Hydrogen bond and lifetime dynamics in diluted alcohols
Literature Information
Evgeniia Salamatova, Ana V. Cunha, Keisuke Shinokita, Thomas L. C. Jansen, Maxim S. Pshenichnikov
Hydrogen-bonding plays a crucial role in many chemical and biochemical reactions. Alcohols, with their hydrophilic and hydrophobic groups, constitute an important class of hydrogen-bonding molecules with functional tuning possibilities through changes in the hydrophobic tails. Recent studies demonstrated that for solutions of alcohols changes in the hydrophobic tail significantly affect a broad range of dynamics properties of the liquid. Still, the understanding is lacking on the origin of such differences in terms of a solvent- versus a solute-dominated effect.
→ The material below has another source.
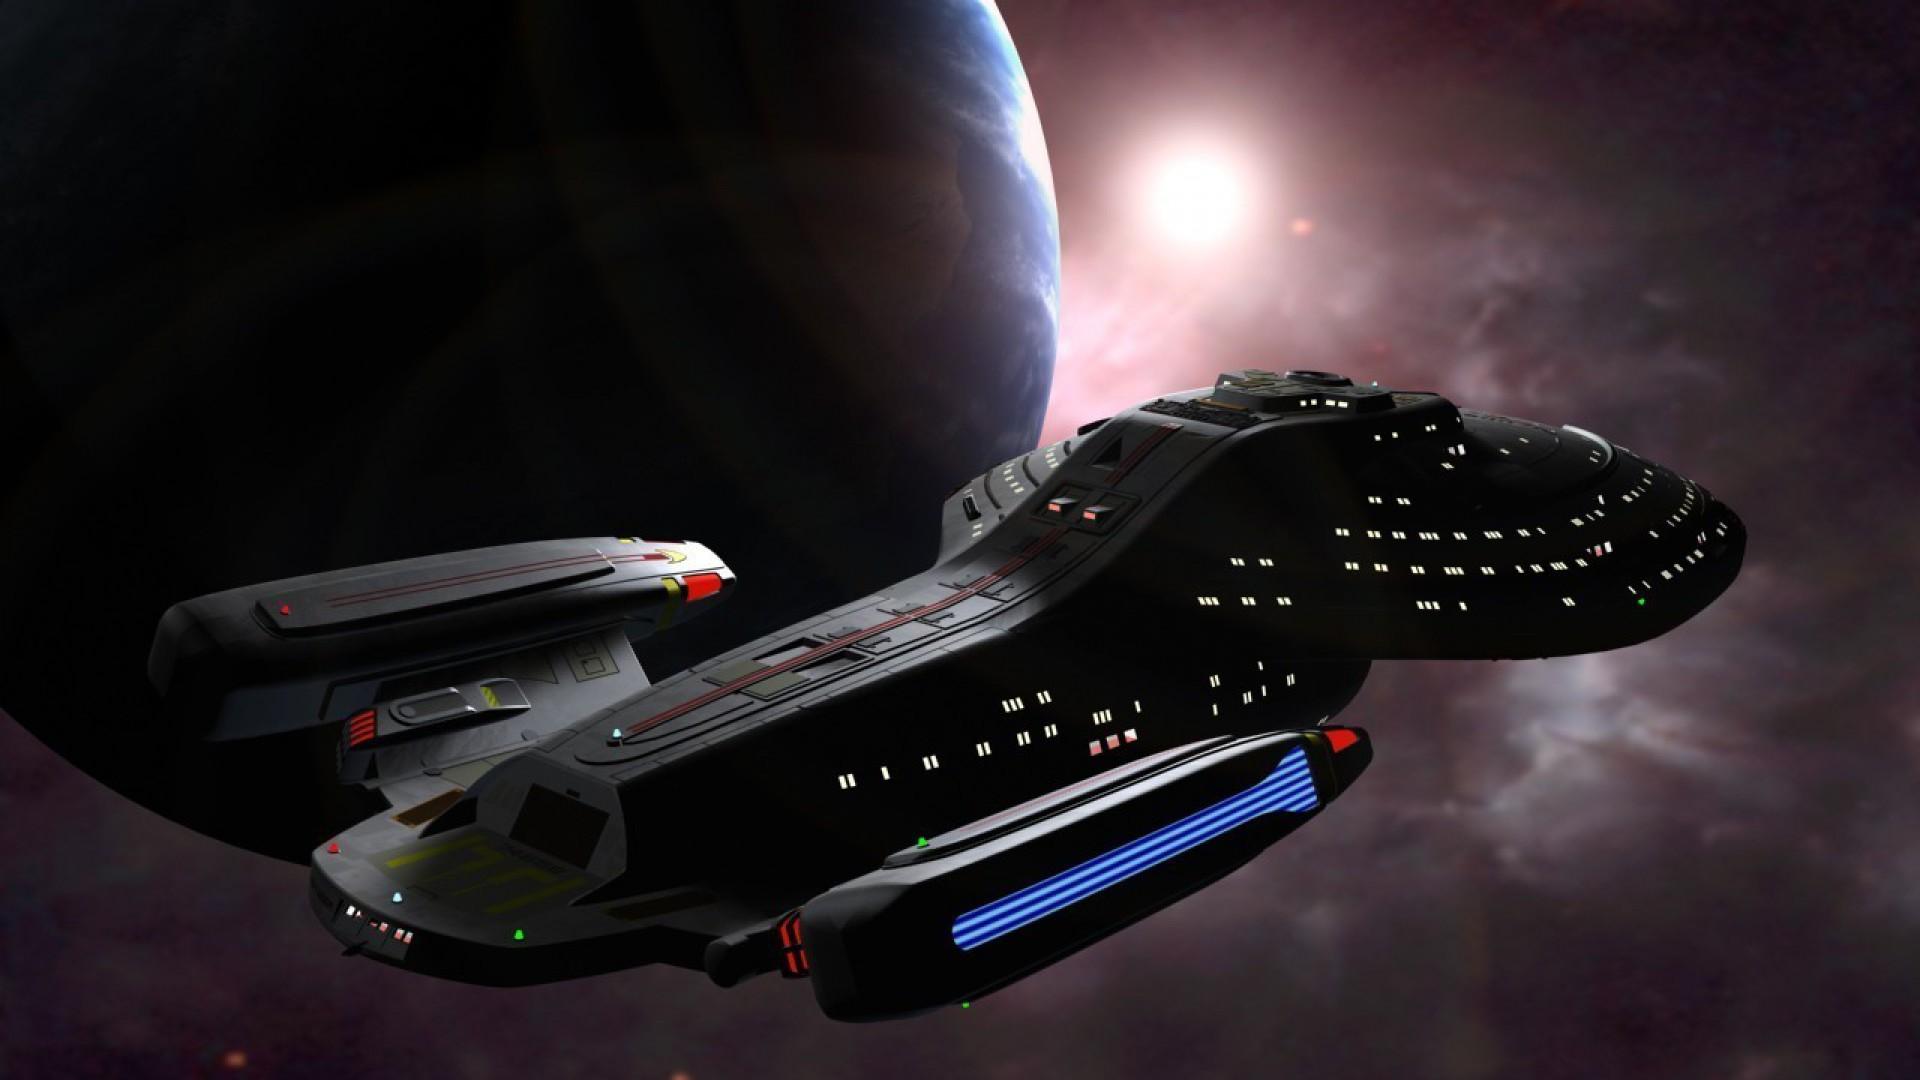 1080P Star Trek Wallpaper

Here we reveal this origin by studying hydrogen-bond dynamics in a number of alcohol molecules – from methanol to butanol – diluted in a hydrogen-bond accepting environment, acetonitrile. The dynamics were investigated by pump–probe and 2D infrared spectroscopy combined with molecular dynamics-spectral simulations, using the OH stretching mode as a reporter. For all the considered alcohols, the vibrational lifetime of the OH stretching mode was found to be ∼3 ps. The hydrogen-bond dynamics exhibit similar behavior with a fast (∼200 fs) initial relaxation dominated by librational motion and a slow (∼4 ps) relaxation due to hydrogen-bond exchange dynamics. The similar dynamics over such a broad range of alcohols led us to conclude that the previously observed differences in dynamics in bulk alcohols originate from the dependence of the solvent properties on the hydrophobic tail, while the solute properties as found herein are essentially independent of the hydrophobic tail.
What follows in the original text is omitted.